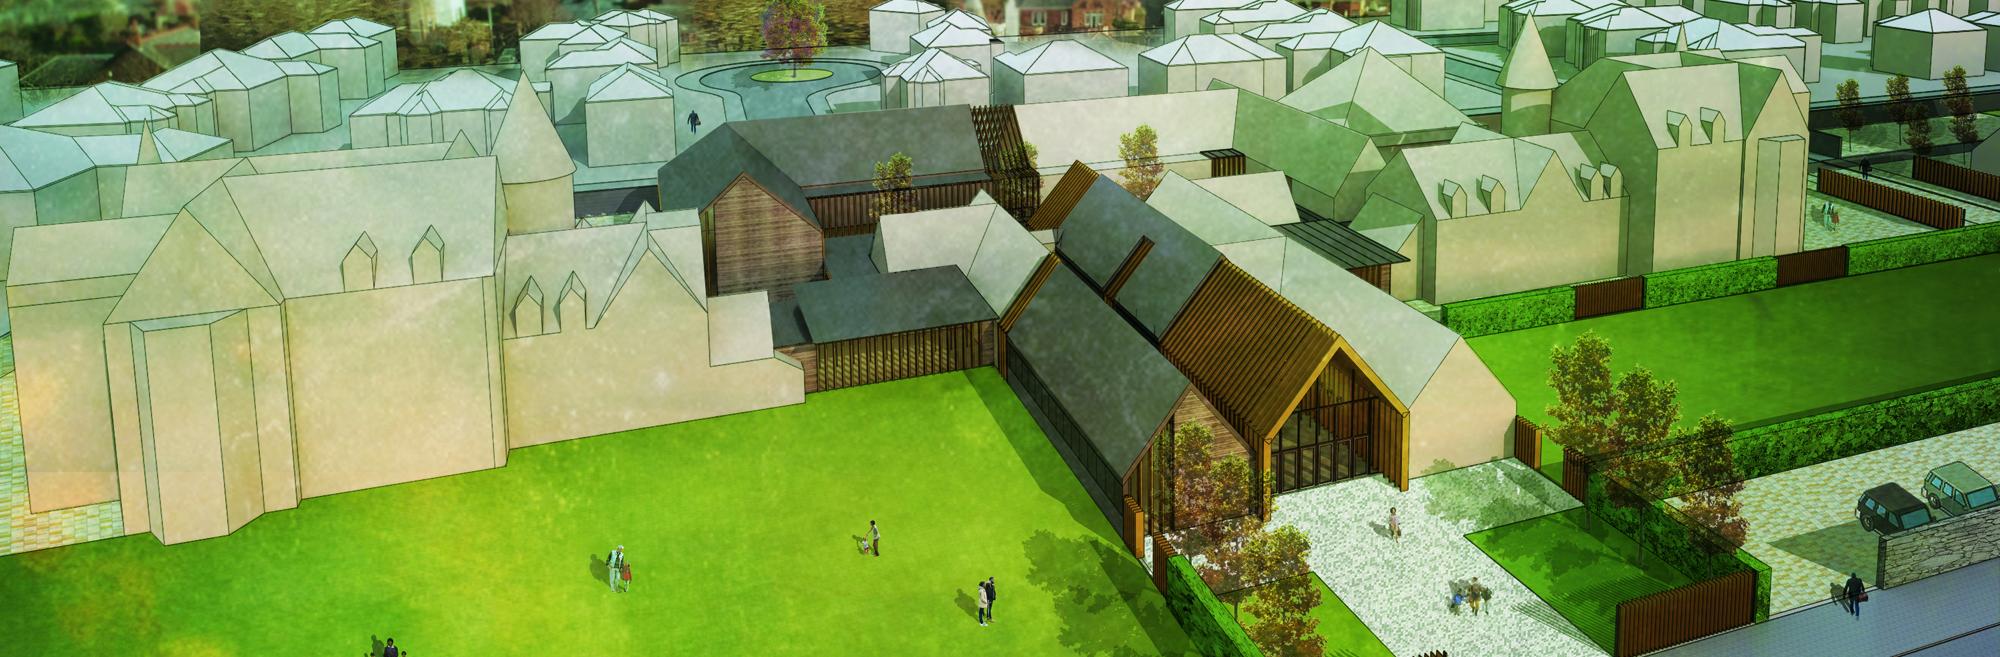 Wellington School Campus Masterplan
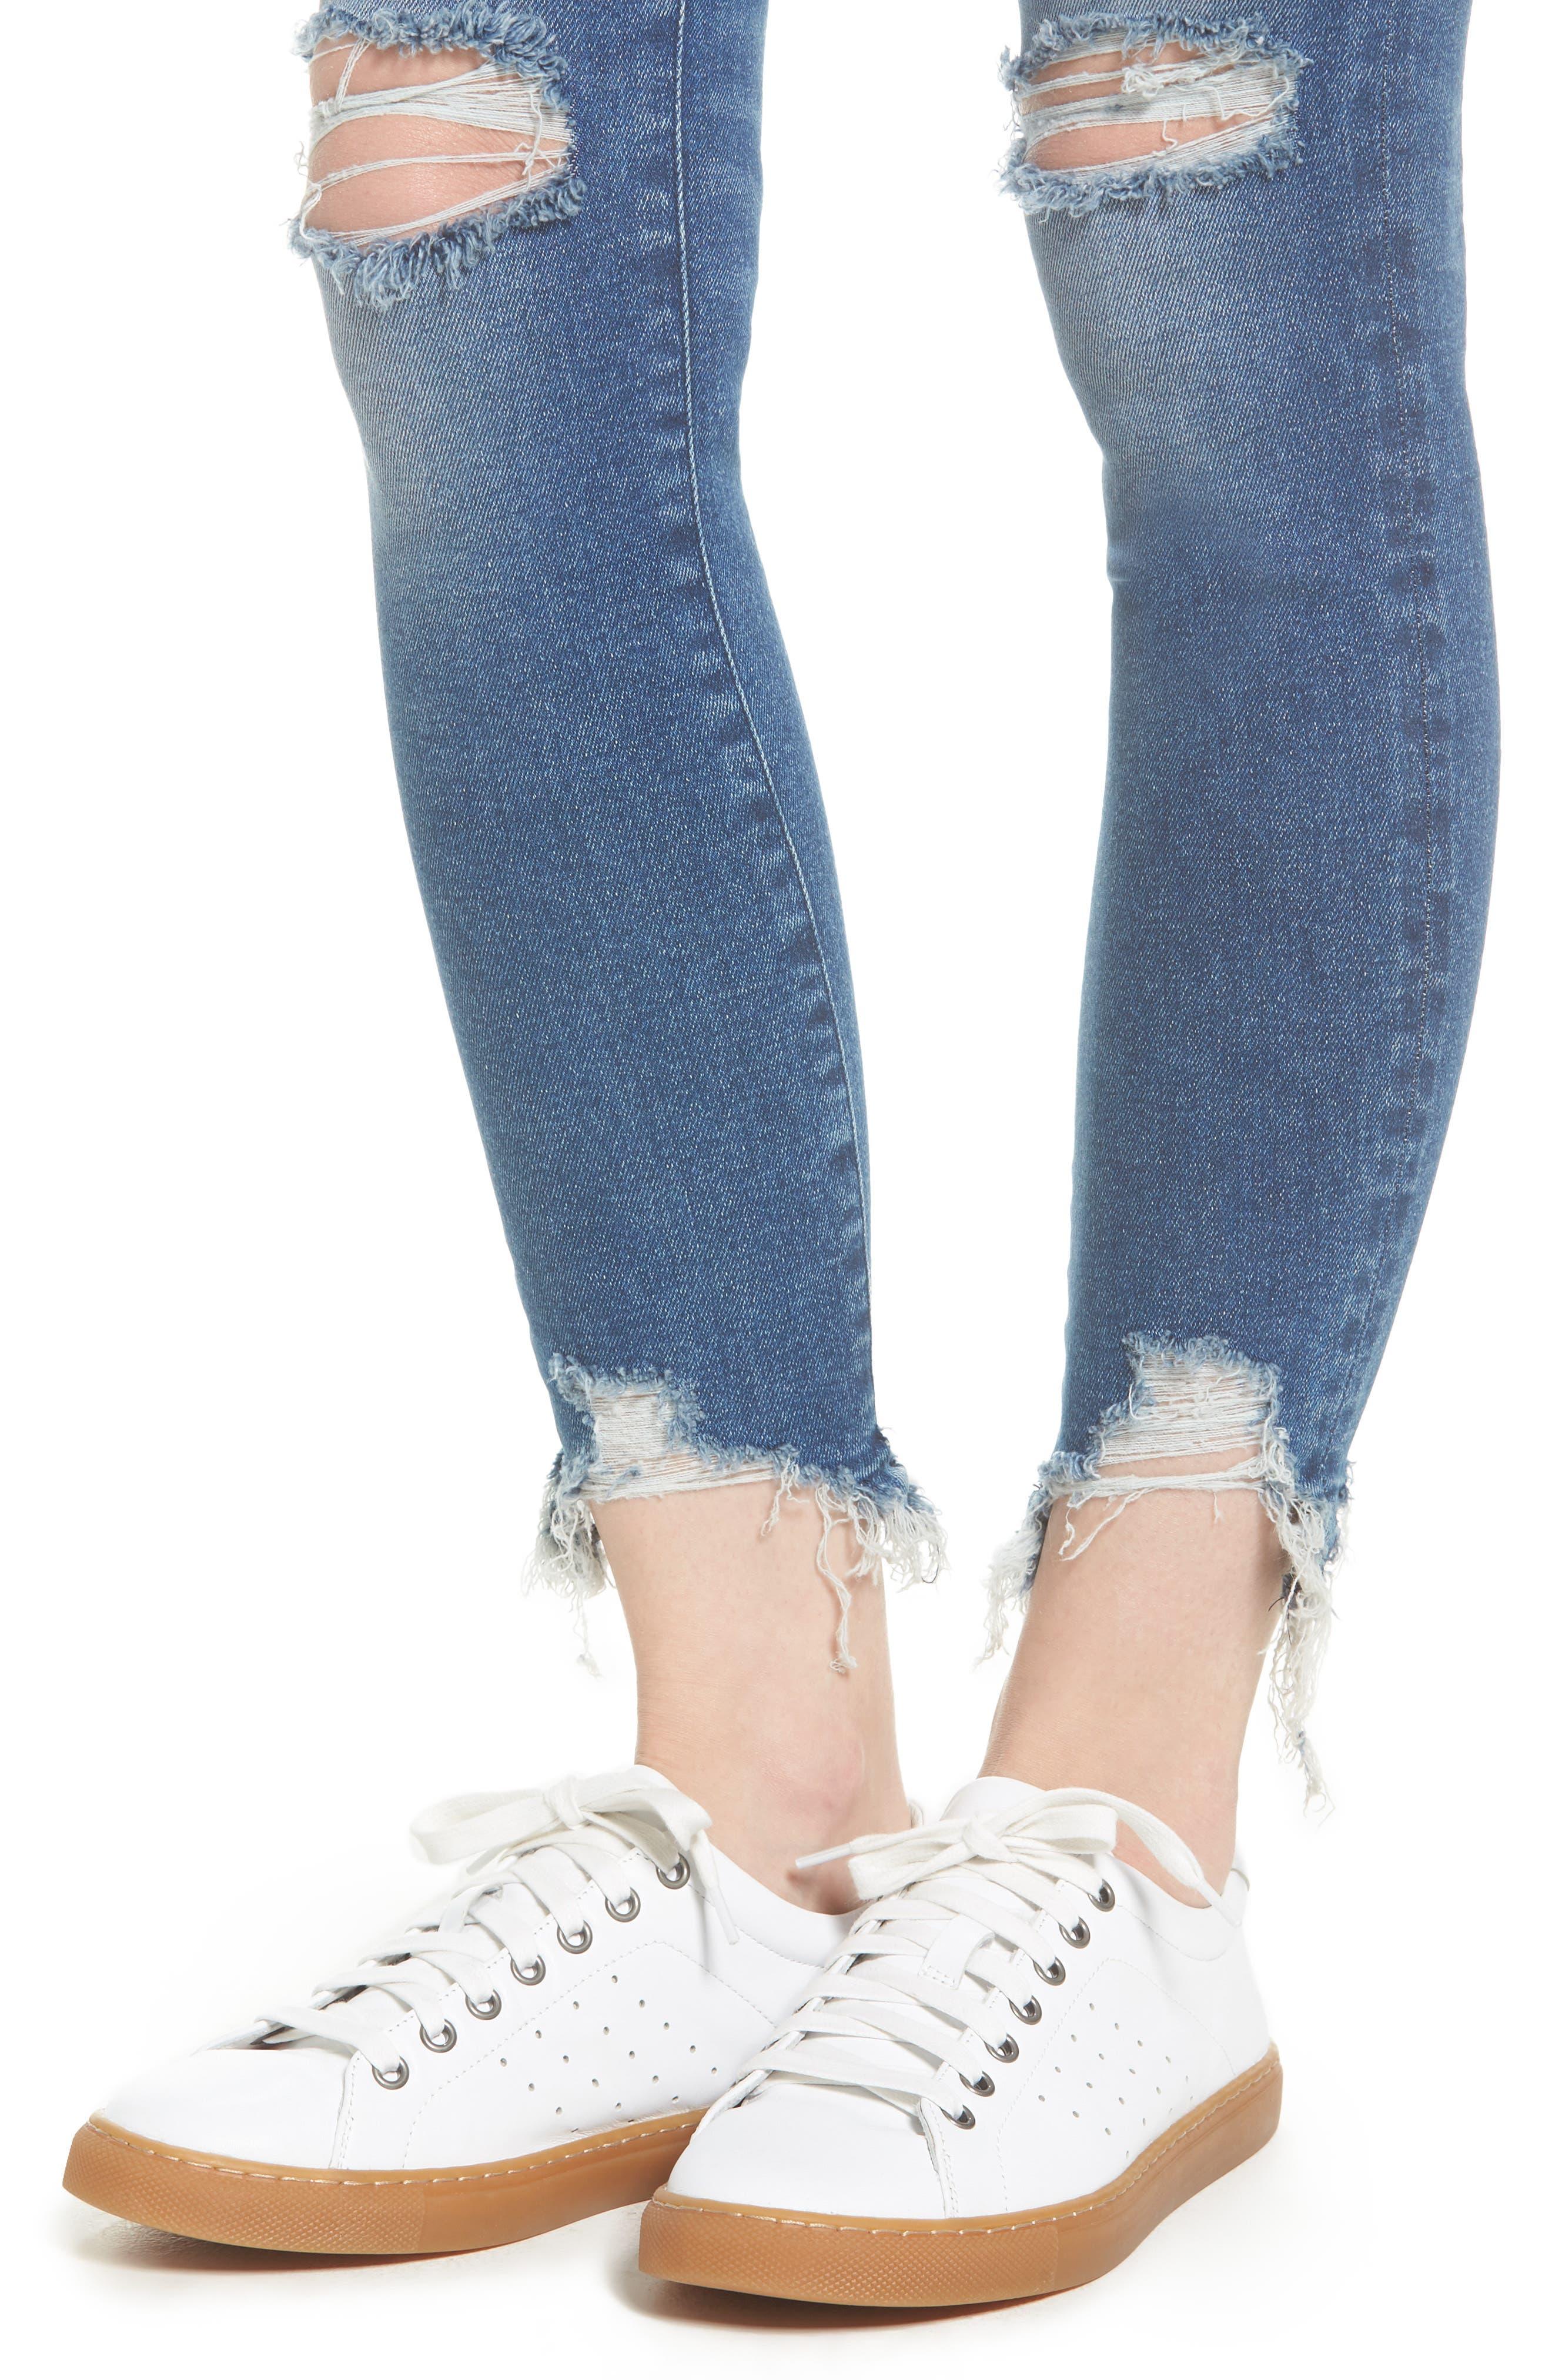 Farrow Instaslim High Waist Ankle Skinny Jeans,                             Alternate thumbnail 4, color,                             430
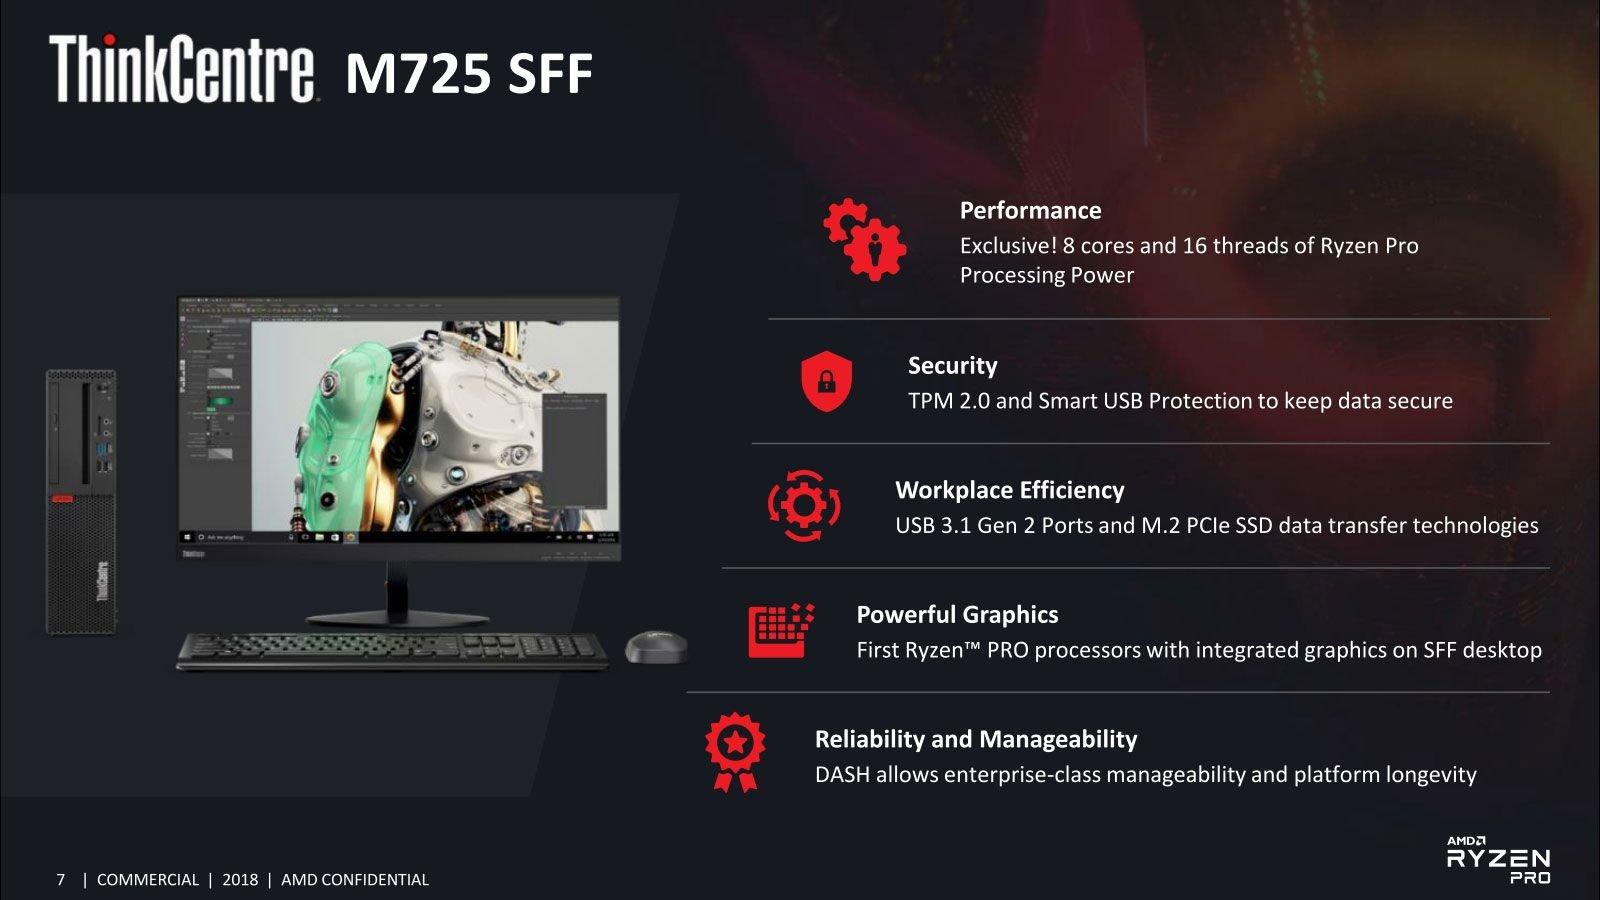 ThinkCentre M725 SFF
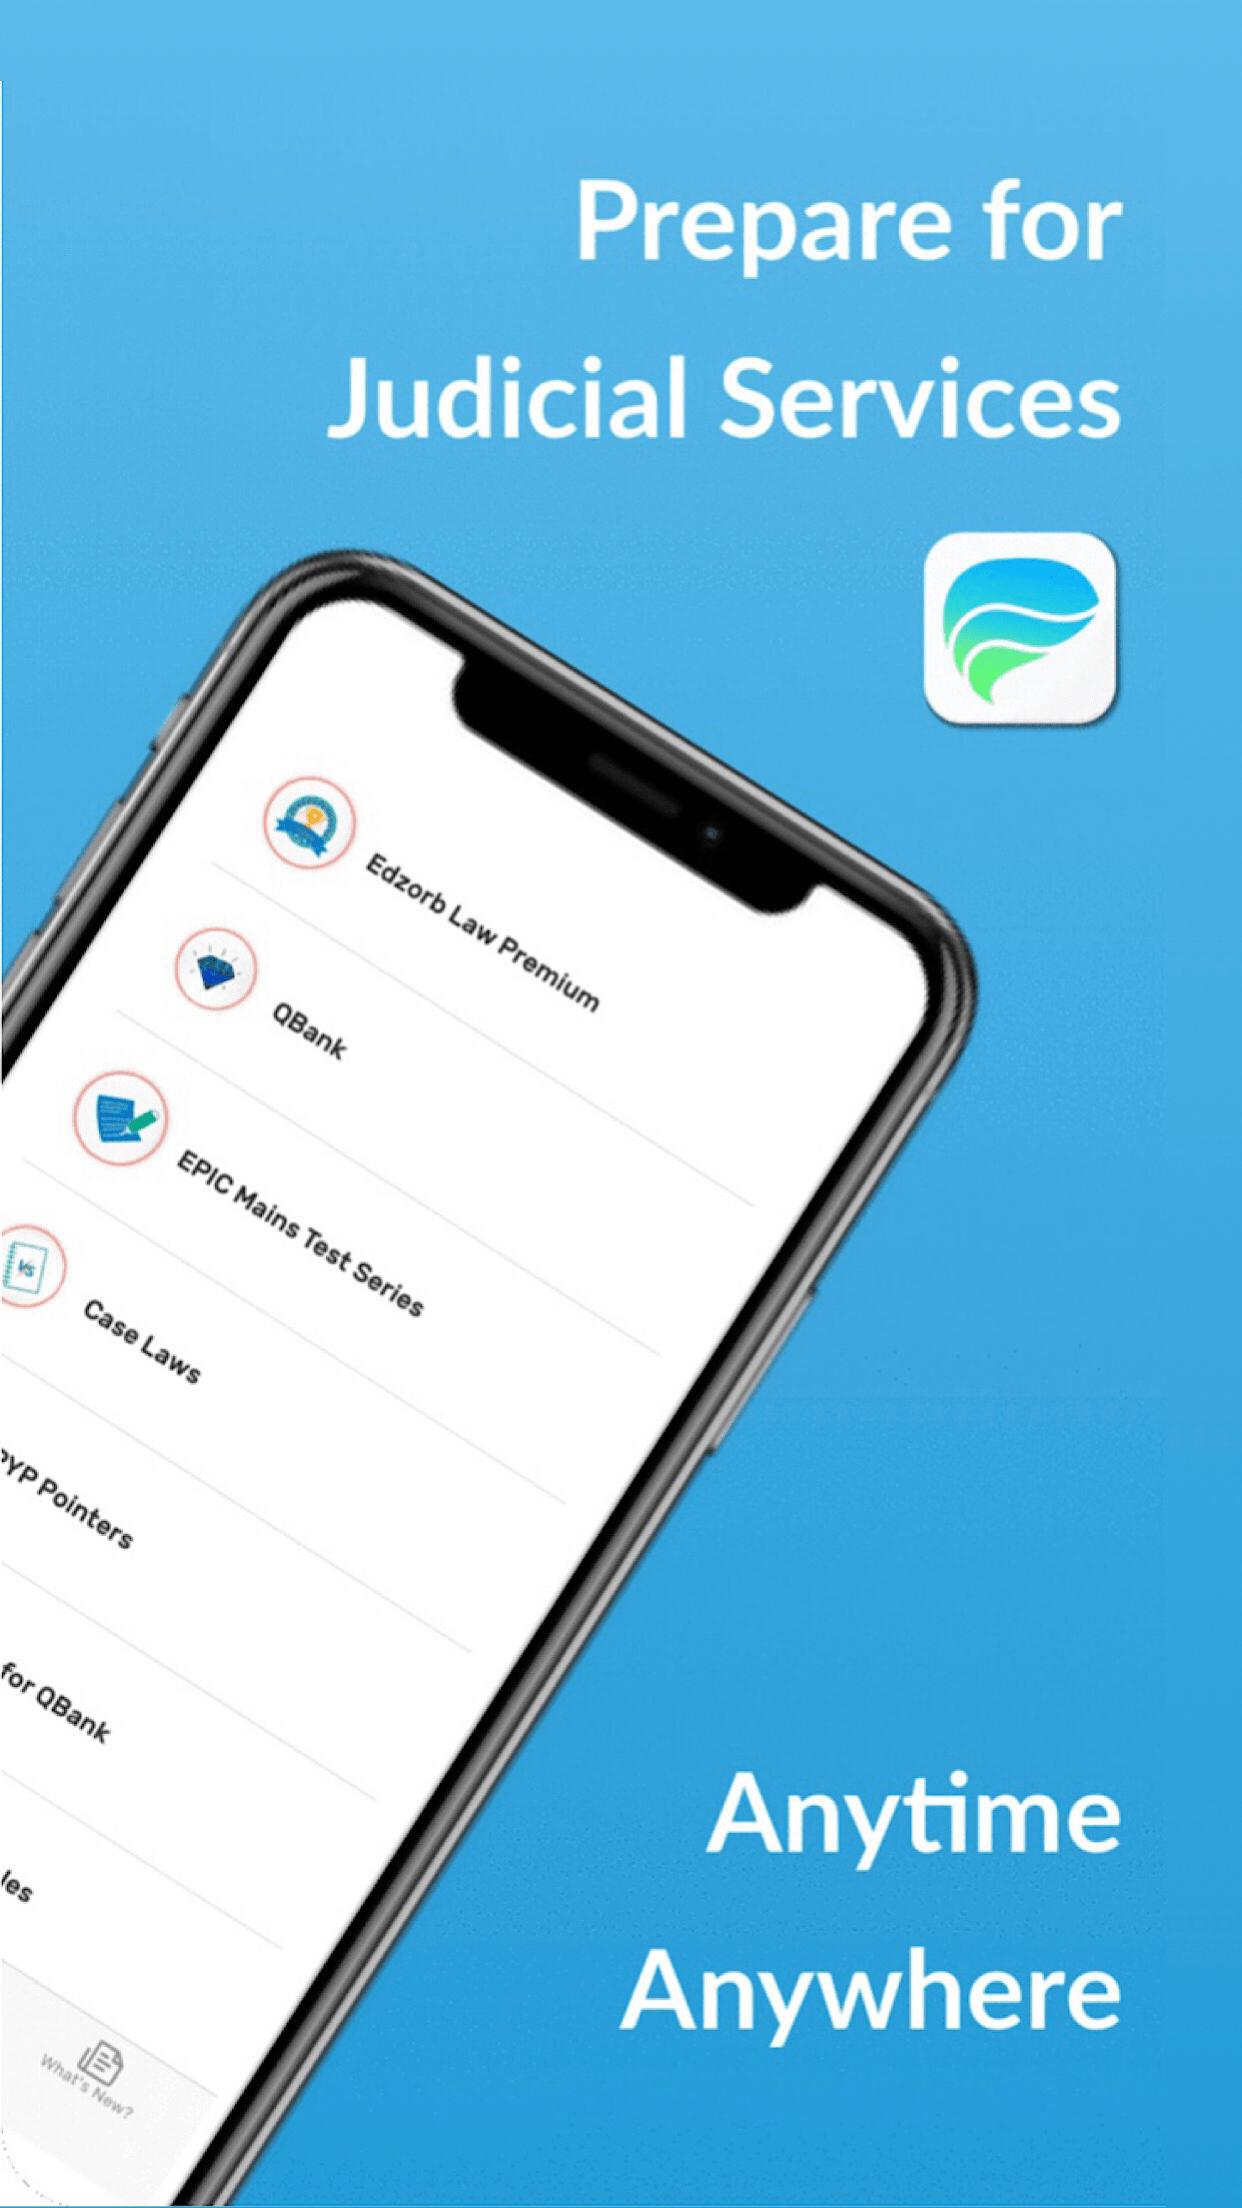 Edzorb Law App Screen shot - Prepare anywhere any time-min

## [Exercise brief]
What is needed is a word-for-word copy of the data, minus its pictures.

## [Answer section]
 Wellington School Campus Masterplan
 Farrow Instaslim High Waist Ankle Skinny Jeans,                             Alternate thumbnail 4, color,                             430
 ThinkCentre M725 SFF
 Edzorb Law App Screen shot - Prepare anywhere any time-min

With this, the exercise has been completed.